The answer must consist only of the lines in the records below from the line with "Energy and Water" to the line with "48pcs 8/10mm Resin", both included, copied word for word with every picture left out.

▶ _Material shown_

"""

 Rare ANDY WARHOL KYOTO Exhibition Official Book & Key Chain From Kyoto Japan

"""
"""

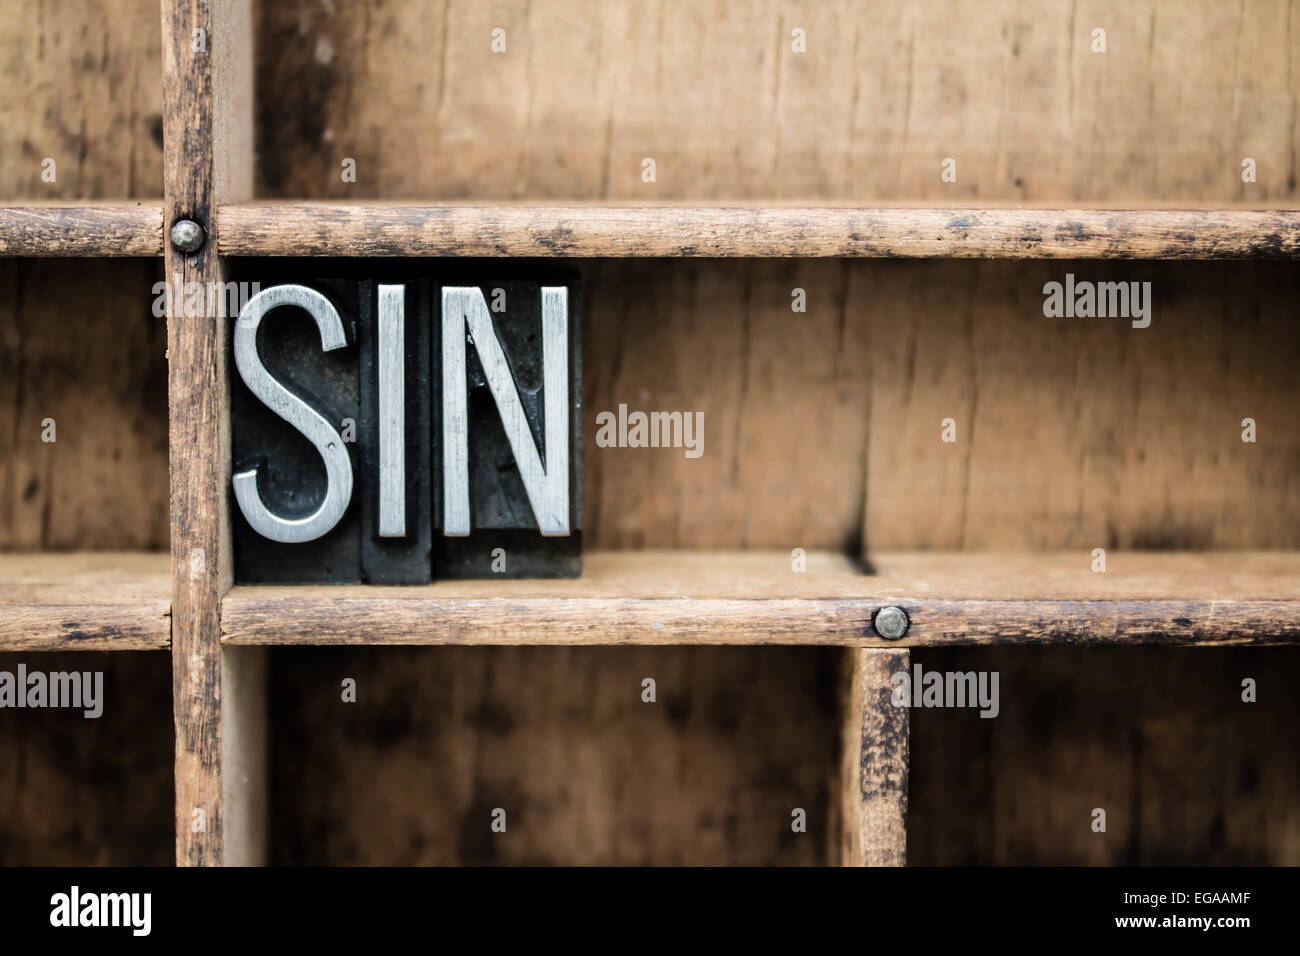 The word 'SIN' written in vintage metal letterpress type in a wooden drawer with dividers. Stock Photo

"""
"""

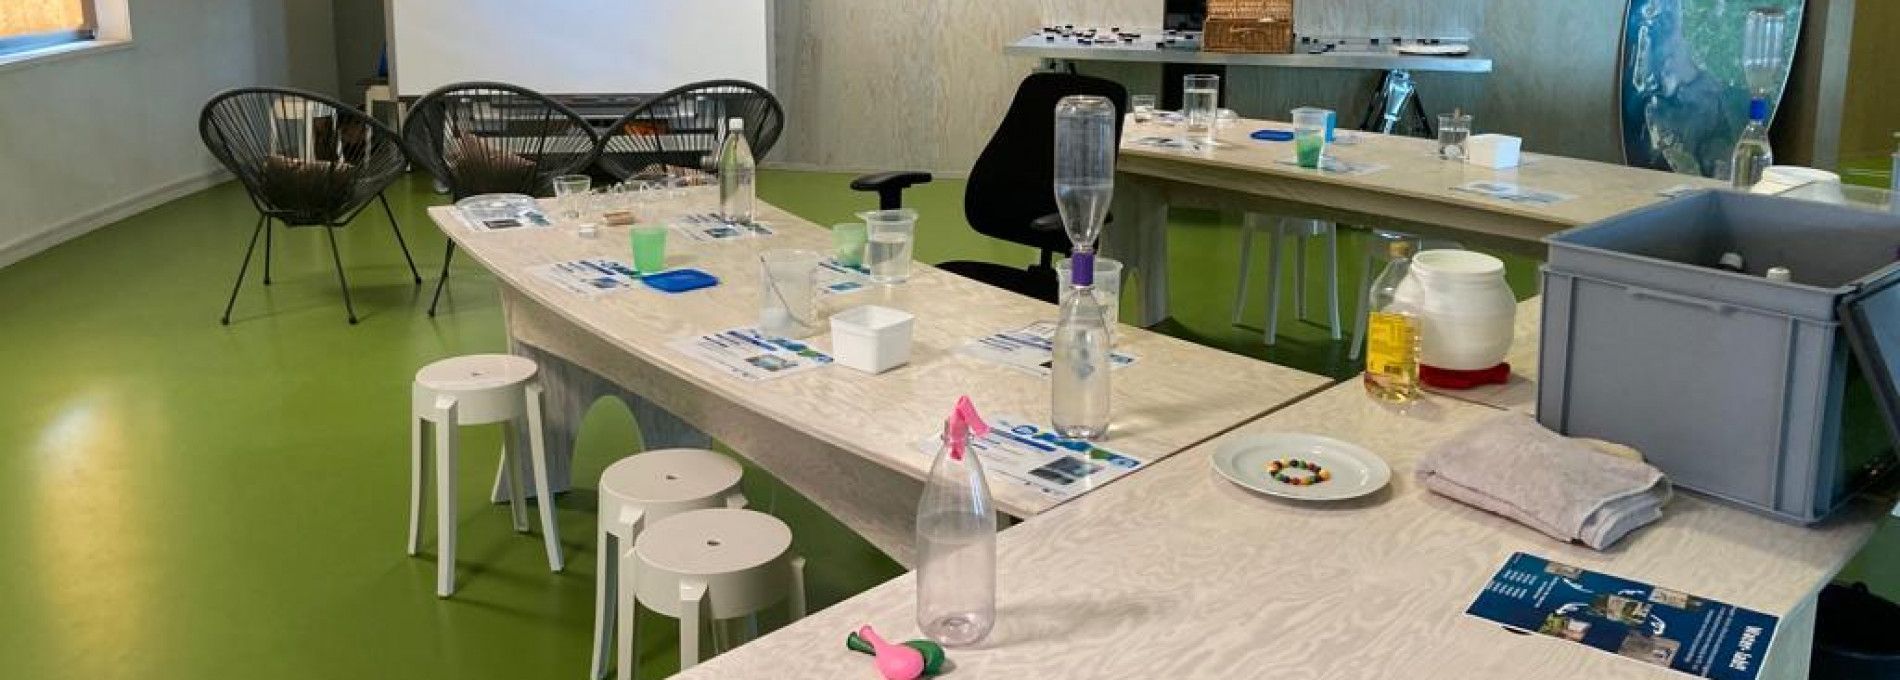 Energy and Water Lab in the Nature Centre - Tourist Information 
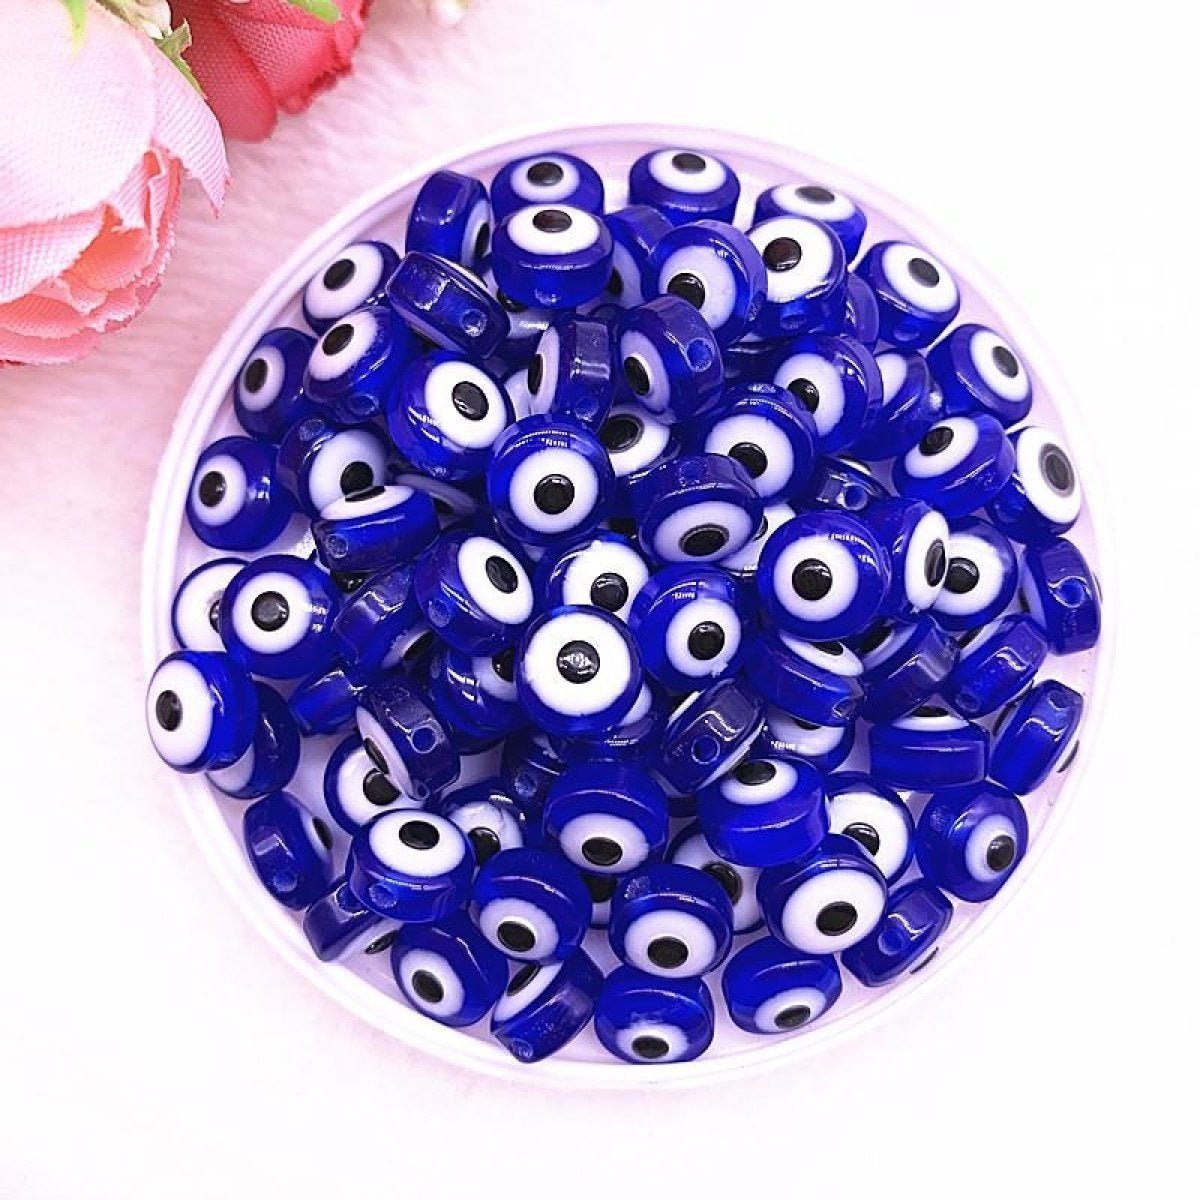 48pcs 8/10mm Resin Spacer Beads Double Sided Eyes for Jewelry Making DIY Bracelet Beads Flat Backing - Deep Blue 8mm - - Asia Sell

"""

▶ _Answer to this exercise_
 Energy and Water Lab in the Nature Centre - Tourist Information 
 48pcs 8/10mm Resin Spacer Beads Double Sided Eyes for Jewelry Making DIY Bracelet Beads Flat Backing - Deep Blue 8mm - - Asia Sell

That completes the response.